We continue to watch the Social Security system with great interest. It is a foundational social safety net that provides a base of income that most people, including our clients, count on to provide for their retirement income needs. There are several levers that could be pulled, in varying degrees, that would make the system solvent and sustainable for many years to come. These include the payroll tax funding level, cost-of-living adjustments, and the age at which you can collect maximum Social Security benefits. We continue to watch and wonder when our Senators and Representatives on Capitol Hill will take this relatively simple-to-solve problem seriously and come up with real solutions.
 
This is the third time I have had the opportunity to hear Mary Beth Franklin speak about these topics throughout the years. I also regularly read her column in Investment News. She is extraordinarily well versed and an extremely well-respected resource for information on these topics. I am glad that Nathan and I had a chance to hear her latest information and thoughts. We take our continuing education and staying current on relevant topics to our clients extremely seriously. This is part of our commitment to our clients as we continue "Moving Life Forward" together.

Jesse




Weekly Market Commentary
June 10, 2019
 


The Markets
 
Surprise! It was a great week for markets.
 
Since the U.S.-China trade conflict resumed in early May, investors have been off balance. The possibility of escalating tariffs on Mexico heightened economic uncertainty. Then, last week's unemployment report arrived with less than stellar news - just 75,000 jobs were created in May. The number was well below expectations.
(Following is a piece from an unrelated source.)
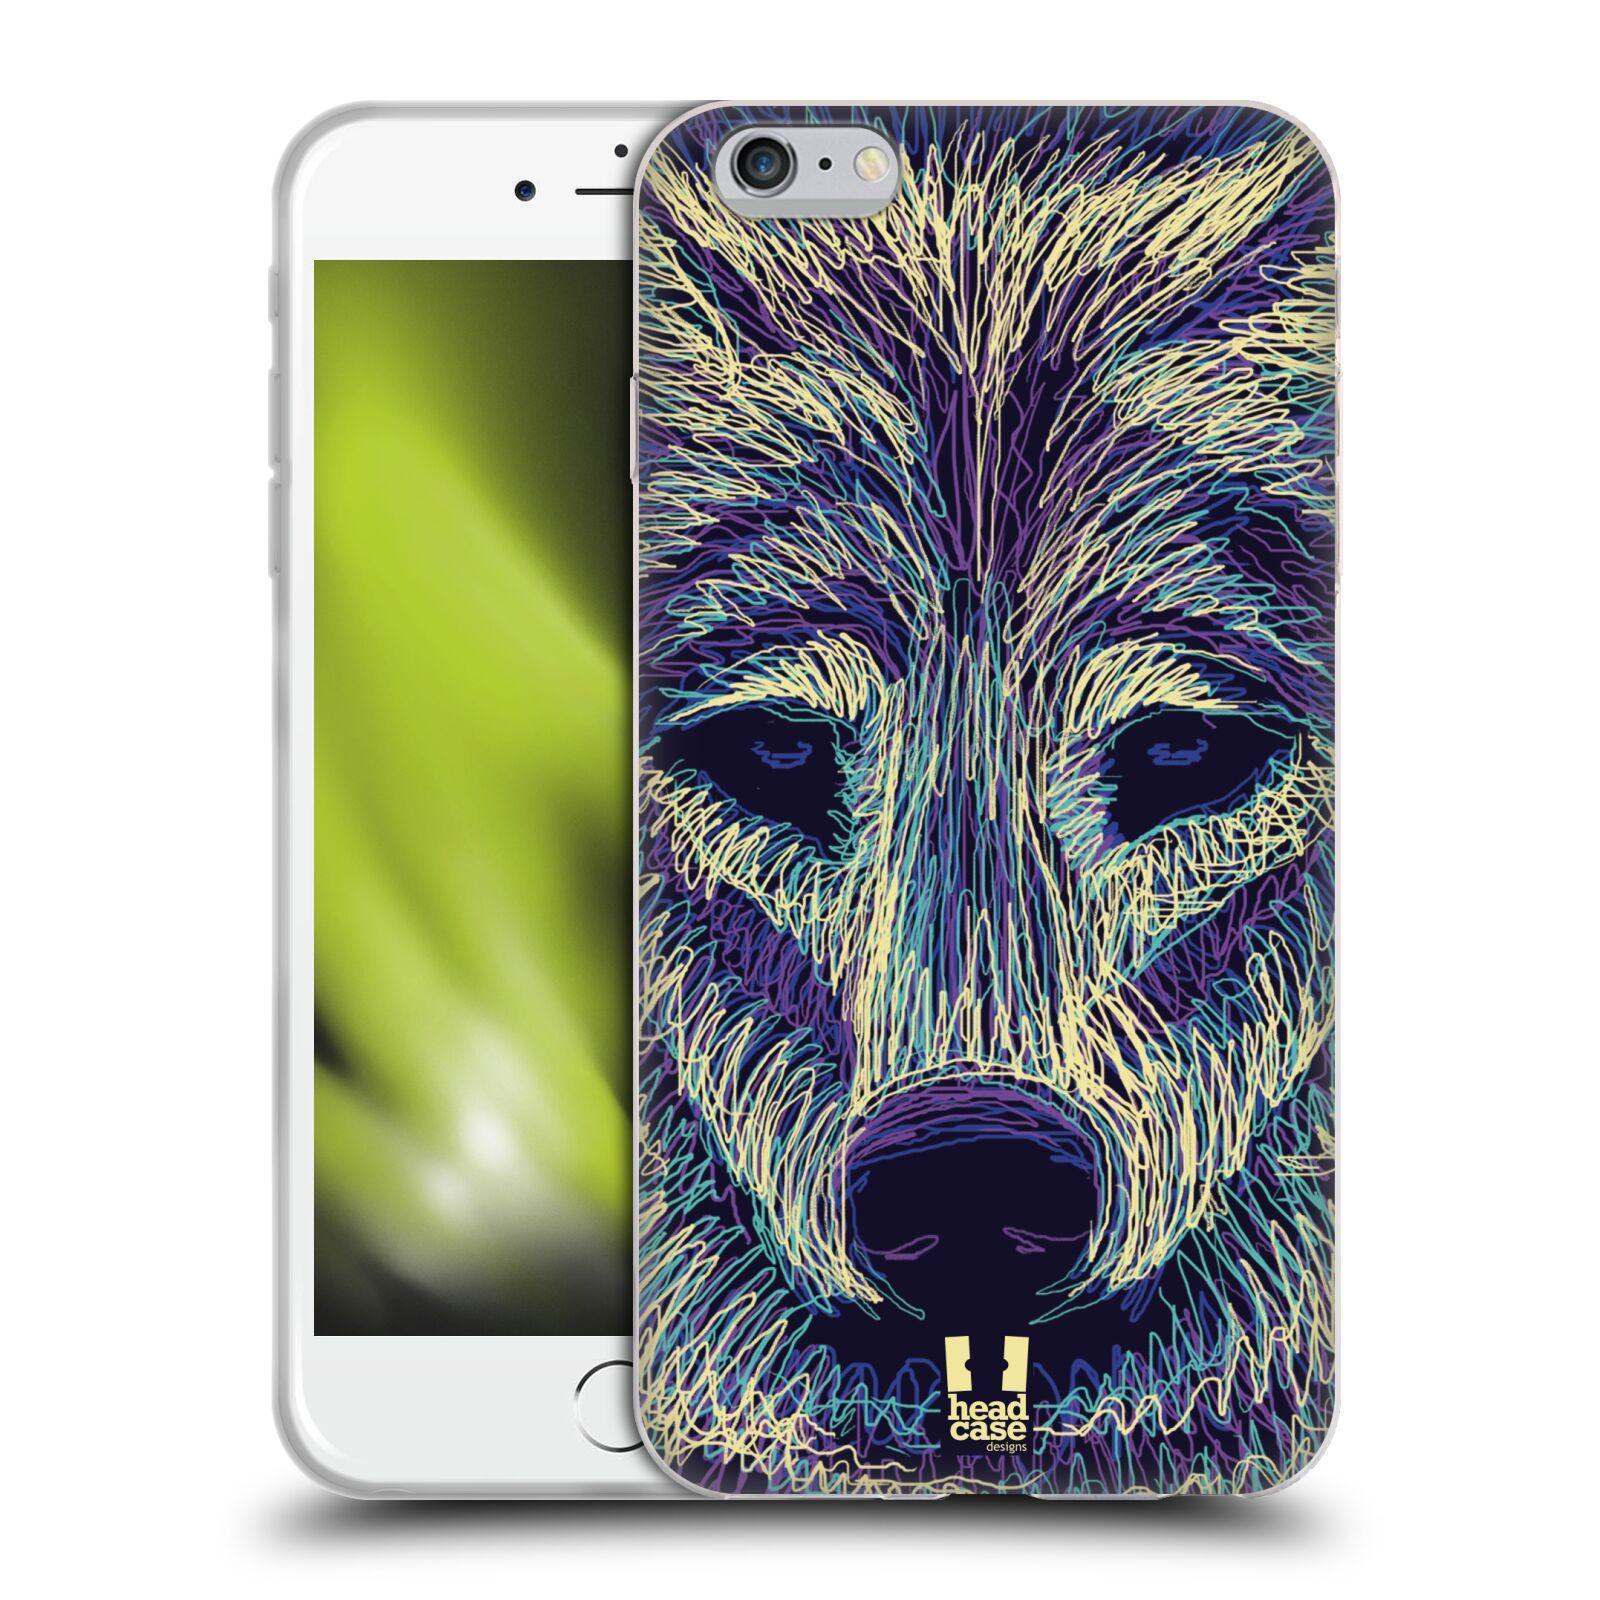 HEAD CASE silikonový obal na mobil Apple Iphone 6 PLUS/ 6S PLUS vzor zvíře čmáranice vlk

The Bureau of Labor Statistics revised March and April employment numbers downward, too.
 
We know investors hate uncertainty. So, why did major U.S. indices rally?
 
The answer may be hope. There was hope negotiations with Mexico would produce results and tariffs would be avoided. There was hope trade issues with China, in tandem with less-than-stellar economic news, would encourage the Federal Reserve to cut rates. There was hope lower rates would stimulate the economy and lift share prices higher.
 
Investors were right about Mexico and tariffs.
 
On Saturday, The Wall Street Journal reported the United States and Mexico reached a last-minute agreement on immigration that takes tariffs off the table for now. It was good news. Before the agreement was reached, the vice president of the Center for Automotive Research told PBS NewsHour, "...the cost of a vehicle, a new vehicle in the U.S. is going to go up somewhere between $1,100 and $5,400 a vehicle...It will hit GDP, up to [a] $34 billion hit to GDP. And we would see almost 400,000 American jobs disappear."
 
Investors may be right about interest rates, too. Expectations for Fed rate cuts are rising. MarketWatch reported, "The fed fund futures market now show traders see a 72 percent chance of a rate cut at the Fed's July 31 meeting, and an around 23 percent probability of a rate cut in the June 19 meeting."
 
Last week, the Dow Jones Industrial Average and Standard & Poor's 500 Index each gained more than 4 percent. The Nasdaq Composite was up 3.9 percent.


Data as of 6/7/19
1-Week
Y-T-D
1-Year
3-Year
5-Year
10-Year
Standard & Poor's 500 (Domestic Stocks)
4.4%
14.6%
3.7%
10.8%
8.1%
11.8%
Dow Jones Global ex-U.S.
2.4
8.1
-8.6
4.2
-0.5
3.9
10-year Treasury Note (Yield Only)
2.1
NA
2.9
1.7
2.6
3.9
Gold (per ounce)
3.5
4.6
3.4
2.6
1.4
3.6
Bloomberg Commodity Index
-0.7
0.6
-14.3
-4.4
-10.4
-4.8
S&P 500, Dow Jones Global ex-US, Gold, Bloomberg Commodity Index returns exclude reinvested dividends (gold does not pay a dividend) and the three-, five-, and 10-year returns are annualized; the DJ Equity All REIT Total Return Index does include reinvested dividends and the three-, five-, and 10-year returns are annualized; and the 10-year Treasury Note is simply the yield at the close of the day on each of the historical time periods.
Sources: Yahoo! Finance, MarketWatch, djindexes.com, London Bullion Market Association.
Past performance is no guarantee of future results. Indices are unmanaged and cannot be invested into directly. N/A means not applicable.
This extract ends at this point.